----- PROVIDED RECORDS -----

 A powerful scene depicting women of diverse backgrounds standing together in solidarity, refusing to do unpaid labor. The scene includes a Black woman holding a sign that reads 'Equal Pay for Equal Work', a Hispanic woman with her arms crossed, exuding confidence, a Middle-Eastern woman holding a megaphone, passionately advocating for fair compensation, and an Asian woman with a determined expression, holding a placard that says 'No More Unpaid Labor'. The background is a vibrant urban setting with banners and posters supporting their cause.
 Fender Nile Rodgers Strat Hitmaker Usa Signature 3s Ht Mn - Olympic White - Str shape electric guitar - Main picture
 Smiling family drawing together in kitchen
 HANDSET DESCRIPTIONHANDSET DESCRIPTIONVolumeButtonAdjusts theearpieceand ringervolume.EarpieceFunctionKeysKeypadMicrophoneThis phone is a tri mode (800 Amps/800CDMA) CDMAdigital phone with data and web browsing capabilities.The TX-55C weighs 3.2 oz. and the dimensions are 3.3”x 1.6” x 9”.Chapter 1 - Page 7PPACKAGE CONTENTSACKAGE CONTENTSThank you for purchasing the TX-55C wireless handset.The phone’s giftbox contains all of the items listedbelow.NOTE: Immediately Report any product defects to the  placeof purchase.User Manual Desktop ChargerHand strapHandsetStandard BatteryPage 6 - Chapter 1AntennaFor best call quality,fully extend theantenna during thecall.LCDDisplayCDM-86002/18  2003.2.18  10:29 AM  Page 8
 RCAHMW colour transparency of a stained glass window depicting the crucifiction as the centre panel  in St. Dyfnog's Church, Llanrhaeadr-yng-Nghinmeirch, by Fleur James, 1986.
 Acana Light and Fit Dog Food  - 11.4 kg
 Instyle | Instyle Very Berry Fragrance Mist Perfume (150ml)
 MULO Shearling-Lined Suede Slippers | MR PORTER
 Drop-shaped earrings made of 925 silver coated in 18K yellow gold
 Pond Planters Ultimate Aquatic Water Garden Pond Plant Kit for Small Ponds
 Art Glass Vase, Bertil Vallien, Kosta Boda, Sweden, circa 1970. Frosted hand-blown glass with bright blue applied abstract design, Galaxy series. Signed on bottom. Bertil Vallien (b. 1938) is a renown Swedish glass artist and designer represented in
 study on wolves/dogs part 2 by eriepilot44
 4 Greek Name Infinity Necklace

-----

WHAT TO PRODUCE: Repeat the entire listing above without changing a word.

SOLUTION TO THIS PROBLEM:
 A powerful scene depicting women of diverse backgrounds standing together in solidarity, refusing to do unpaid labor. The scene includes a Black woman holding a sign that reads 'Equal Pay for Equal Work', a Hispanic woman with her arms crossed, exuding confidence, a Middle-Eastern woman holding a megaphone, passionately advocating for fair compensation, and an Asian woman with a determined expression, holding a placard that says 'No More Unpaid Labor'. The background is a vibrant urban setting with banners and posters supporting their cause.
 Fender Nile Rodgers Strat Hitmaker Usa Signature 3s Ht Mn - Olympic White - Str shape electric guitar - Main picture
 Smiling family drawing together in kitchen
 HANDSET DESCRIPTIONHANDSET DESCRIPTIONVolumeButtonAdjusts theearpieceand ringervolume.EarpieceFunctionKeysKeypadMicrophoneThis phone is a tri mode (800 Amps/800CDMA) CDMAdigital phone with data and web browsing capabilities.The TX-55C weighs 3.2 oz. and the dimensions are 3.3”x 1.6” x 9”.Chapter 1 - Page 7PPACKAGE CONTENTSACKAGE CONTENTSThank you for purchasing the TX-55C wireless handset.The phone’s giftbox contains all of the items listedbelow.NOTE: Immediately Report any product defects to the  placeof purchase.User Manual Desktop ChargerHand strapHandsetStandard BatteryPage 6 - Chapter 1AntennaFor best call quality,fully extend theantenna during thecall.LCDDisplayCDM-86002/18  2003.2.18  10:29 AM  Page 8
 RCAHMW colour transparency of a stained glass window depicting the crucifiction as the centre panel  in St. Dyfnog's Church, Llanrhaeadr-yng-Nghinmeirch, by Fleur James, 1986.
 Acana Light and Fit Dog Food  - 11.4 kg
 Instyle | Instyle Very Berry Fragrance Mist Perfume (150ml)
 MULO Shearling-Lined Suede Slippers | MR PORTER
 Drop-shaped earrings made of 925 silver coated in 18K yellow gold
 Pond Planters Ultimate Aquatic Water Garden Pond Plant Kit for Small Ponds
 Art Glass Vase, Bertil Vallien, Kosta Boda, Sweden, circa 1970. Frosted hand-blown glass with bright blue applied abstract design, Galaxy series. Signed on bottom. Bertil Vallien (b. 1938) is a renown Swedish glass artist and designer represented in
 study on wolves/dogs part 2 by eriepilot44
 4 Greek Name Infinity Necklace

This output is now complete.